Bruscitti (/it/; brüscitt, /lmo/; lit. 'crumbs') is an Italian single-course meal of the Lombard, Piedmontese, and Ticinese cuisines based on finely chopped beef cooked for a long time. It is a typical winter dish and is served with polenta, purée, or risotto alla milanese.

Bruscitti is originally from the comune (municipality) of Busto Arsizio, Lombardy, Italy. Bruscitti is widespread in northwestern Lombardy (Italy), northeastern Piedmont (Italy), and lower Ticino (Switzerland). The dish probably originated in the Middle Ages.

==Etymology==
In the Lombard language the term brüscitt means 'crumbs', referring to the size of the meat, chopped into small pieces.

==Description==
Based on finely chopped beef and cooked for a long time (from 2 to 4 hours) on a low flame, the other ingredients of the dish are butter, garlic, fennel seeds, and lard or pancetta. At the end of cooking, it is blended with well-structured red wines such as Barbera, Barolo or Nebbiolo. When serving, the bruscitti must not be too soupy or too dry.
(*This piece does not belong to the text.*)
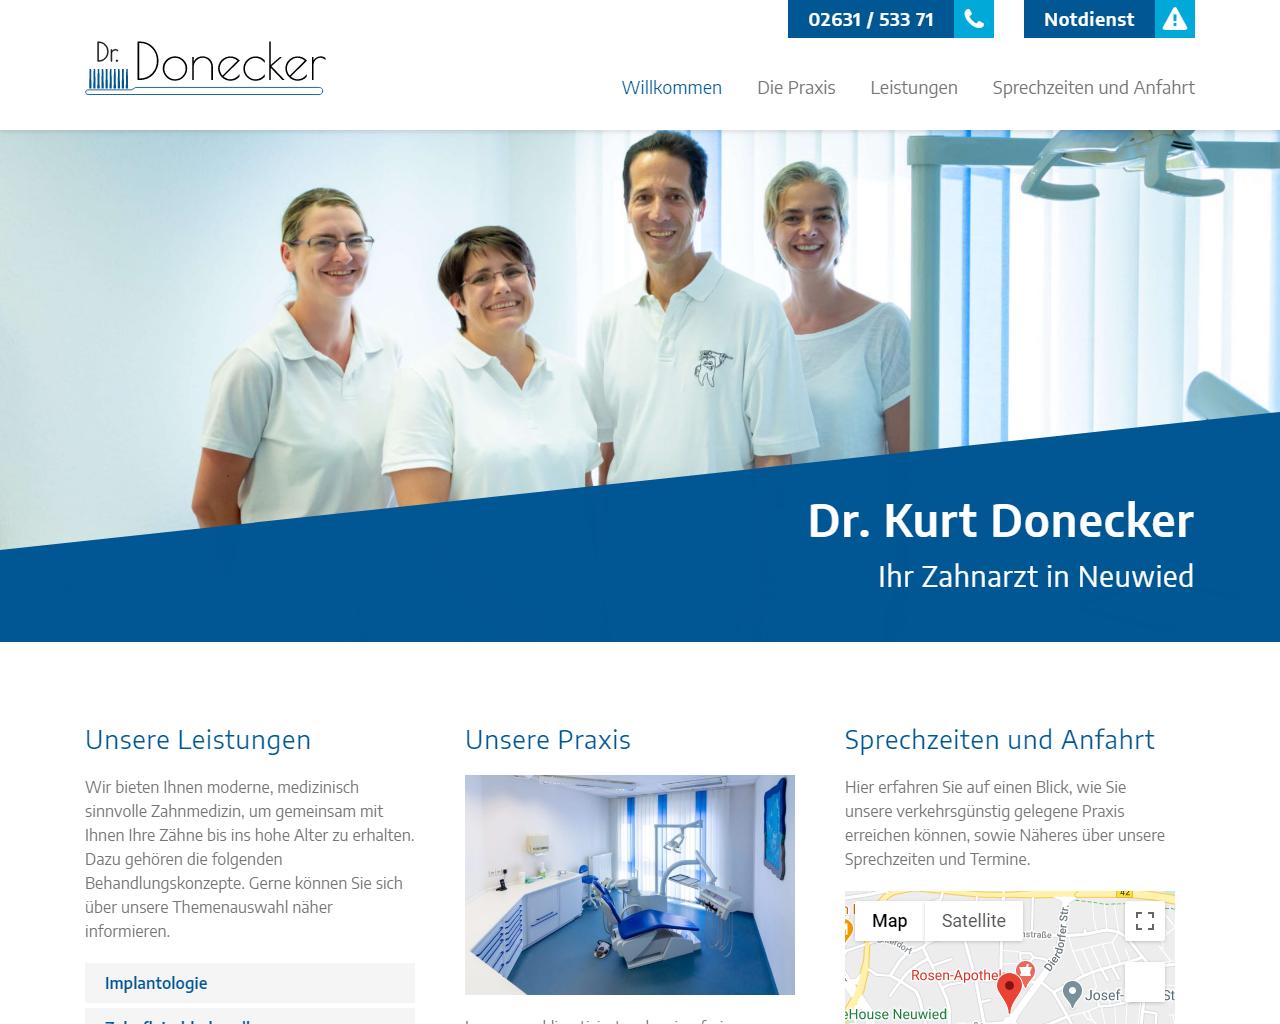 Dr. Kurt Donecker

It is a typical winter dish and is served with polenta, risotto alla milanese or purée.

For a 100 g serving of bruscitti, the food energy is 112.63 kcal (472 kJ), while nutritional values are 6.73 g of proteins, 4.93 g of fats (of which 2.29 g saturated fatty acids), 1.14 g of fibres, and 10.05 g of carbohydrates (of which 1.21 g sugars).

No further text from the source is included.